### Task details
Every line from the one bearing "Product Image 3 - black thin shorts" through the last line of the records below is to be output exactly, and no other line; leave out the pictures.

Records from a dataset
-----
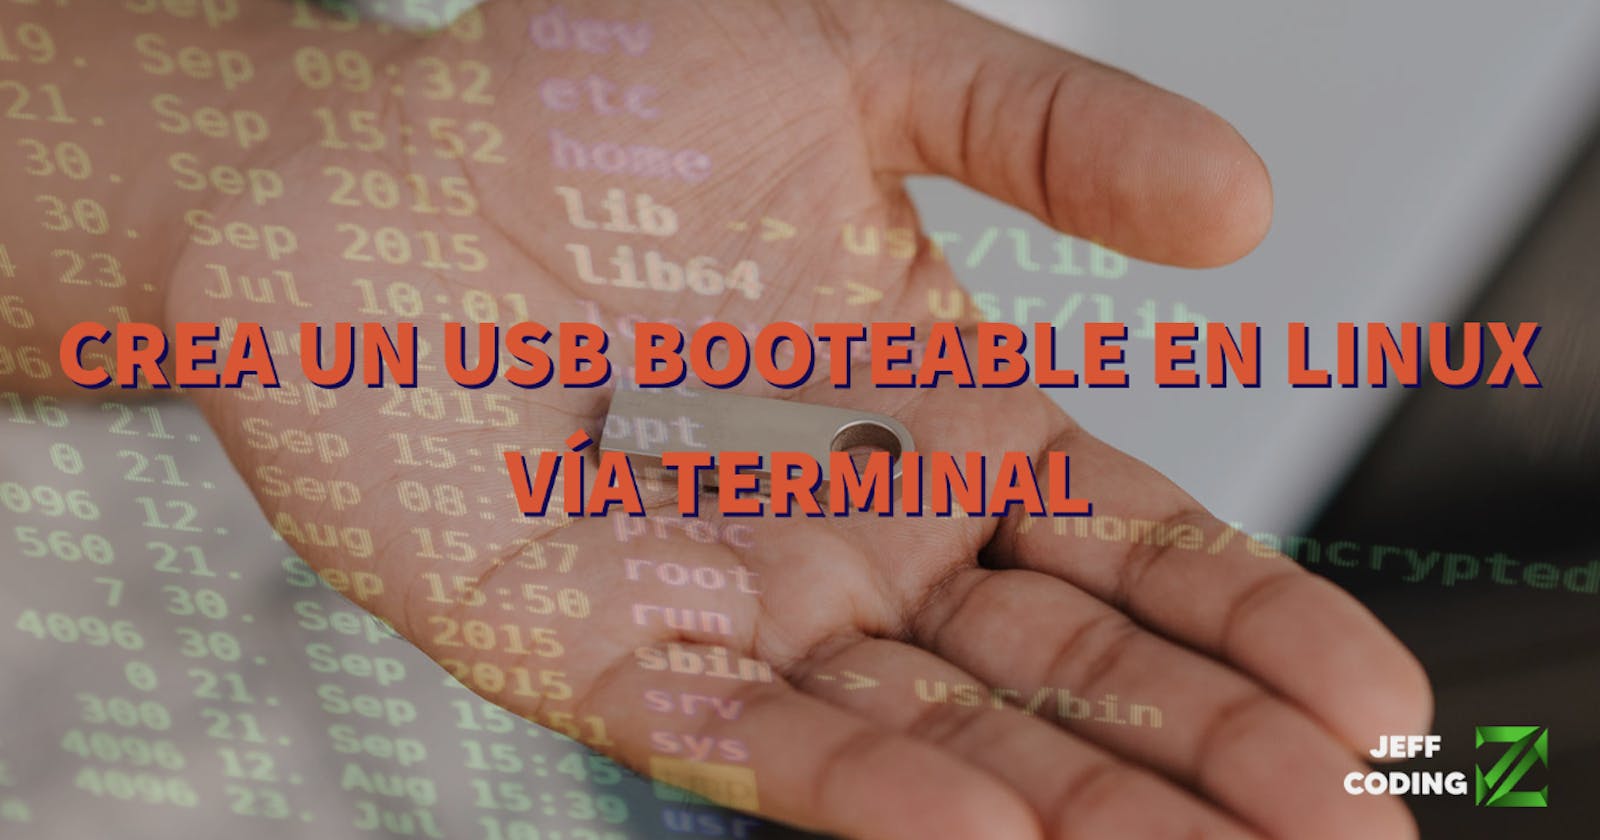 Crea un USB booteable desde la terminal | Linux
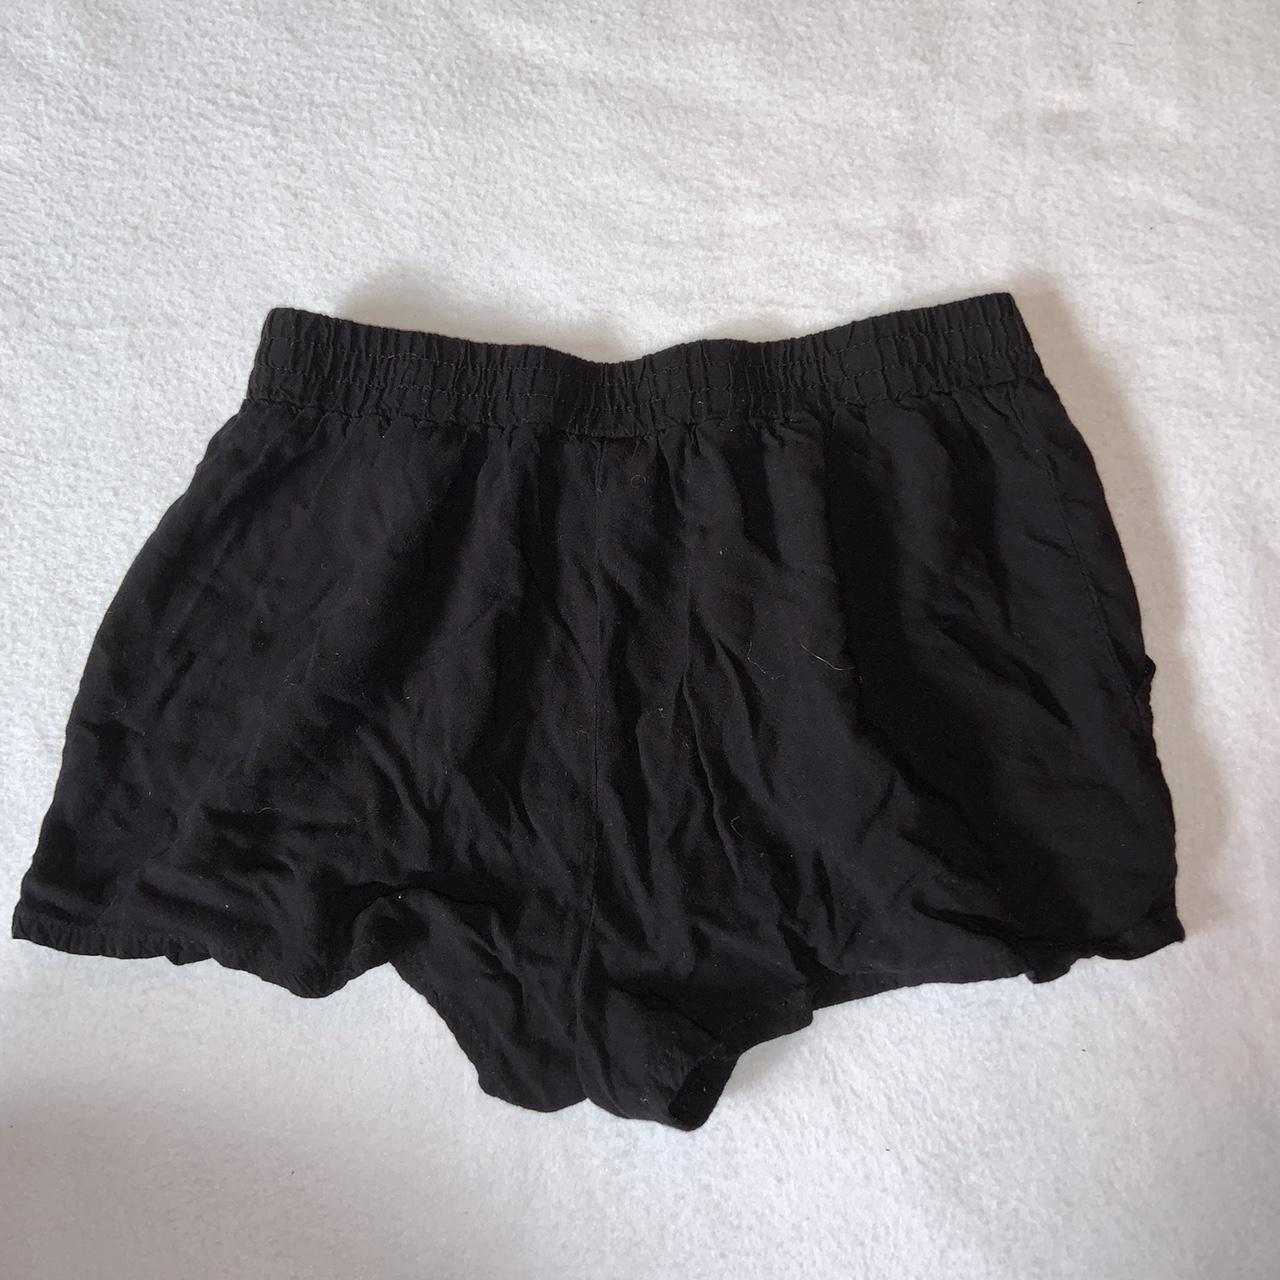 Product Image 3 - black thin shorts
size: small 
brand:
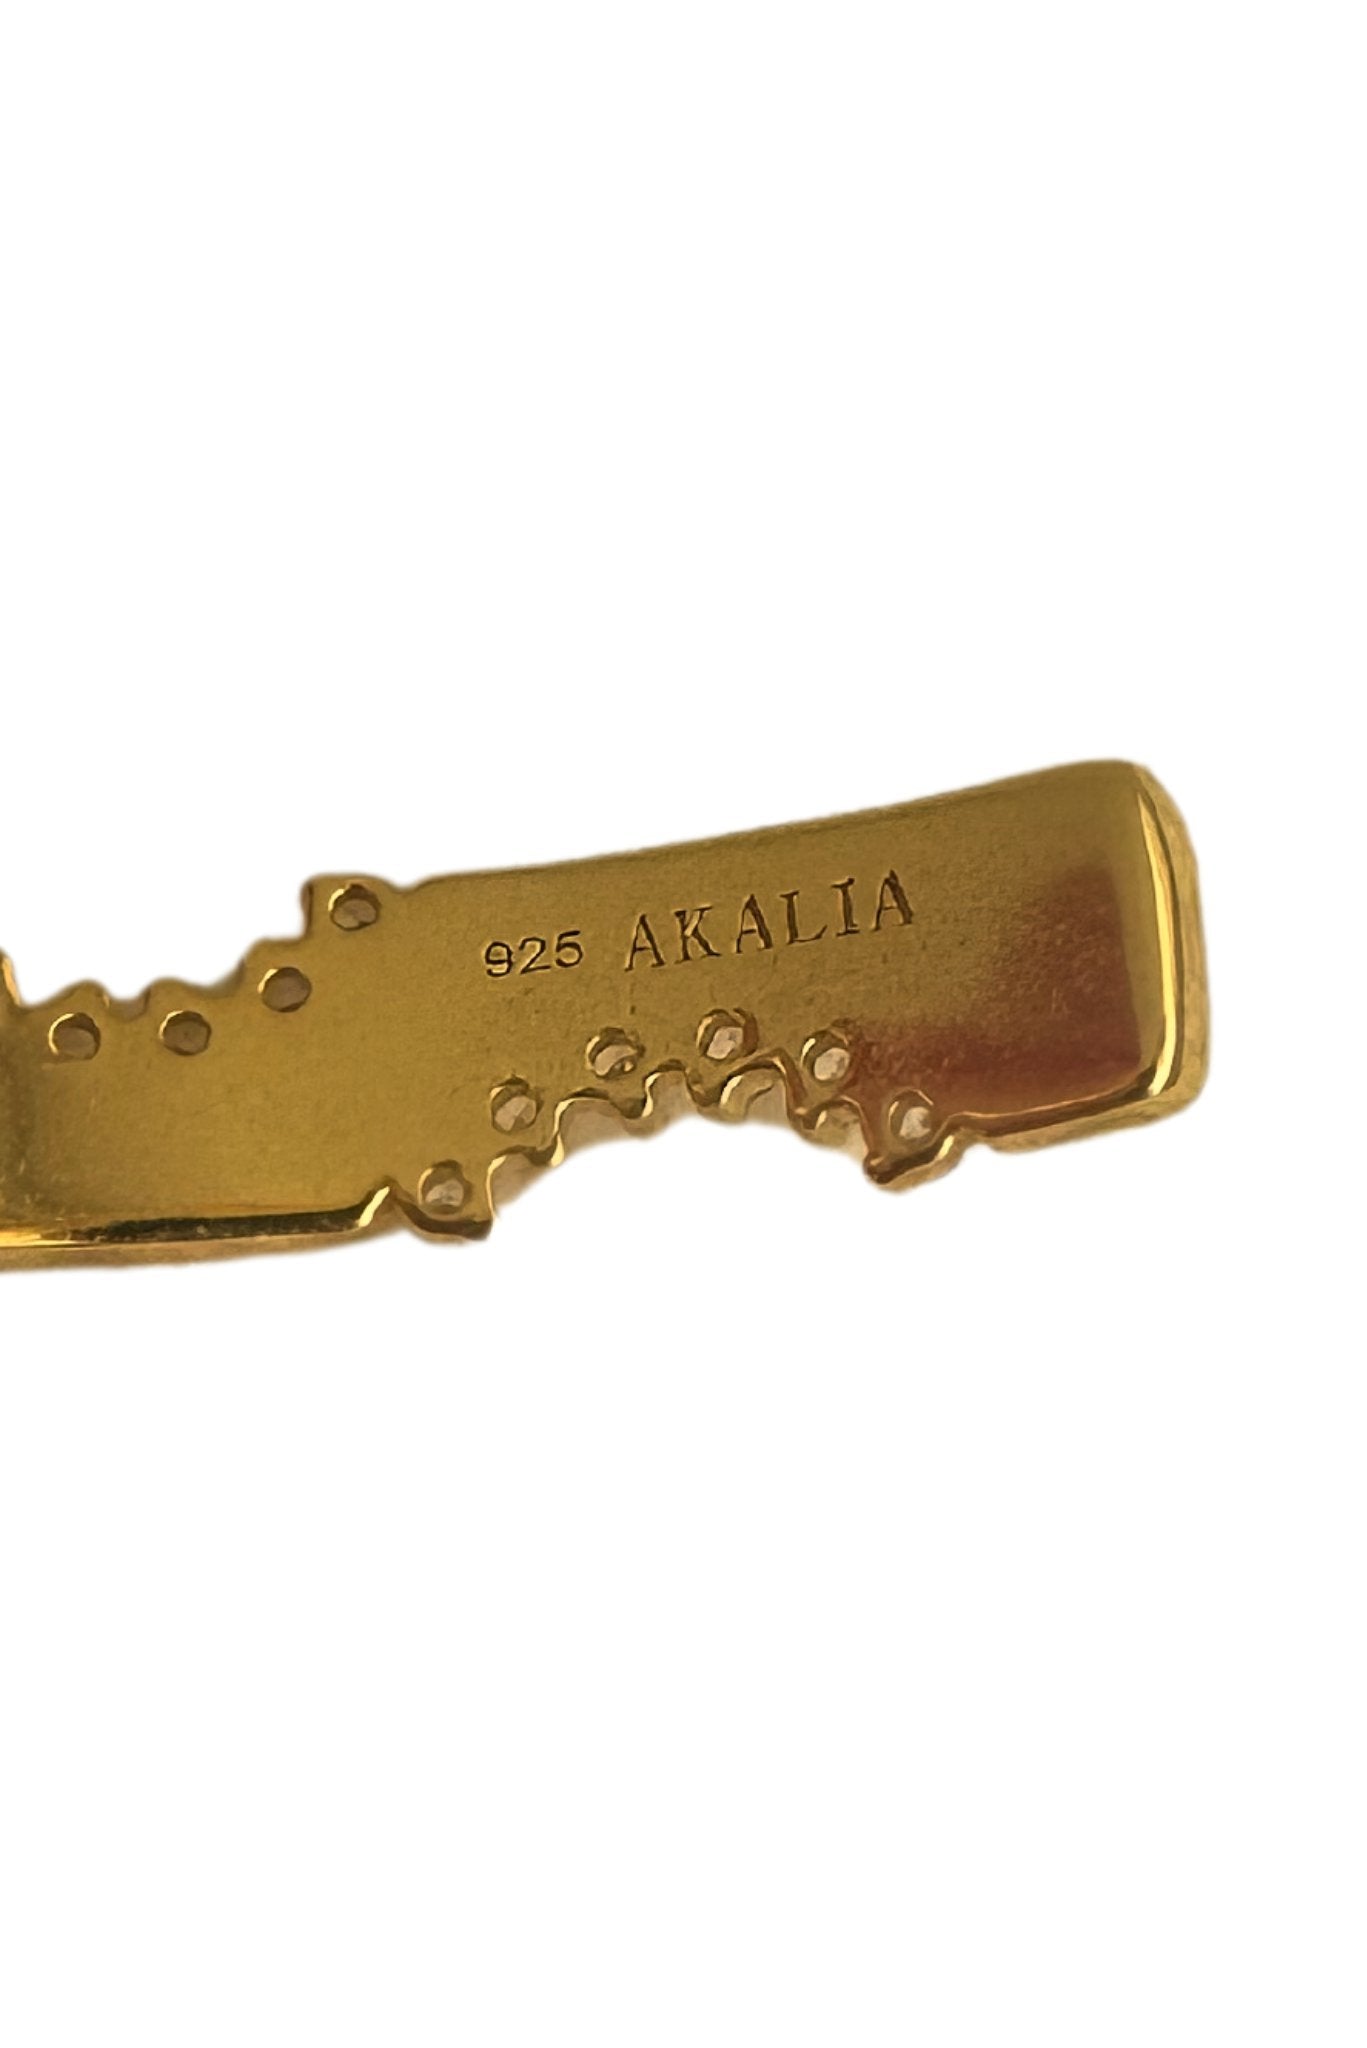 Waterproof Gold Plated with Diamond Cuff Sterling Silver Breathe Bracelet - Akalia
-----
### Answer space
 Product Image 3 - black thin shorts
size: small 
brand:
 Waterproof Gold Plated with Diamond Cuff Sterling Silver Breathe Bracelet - Akalia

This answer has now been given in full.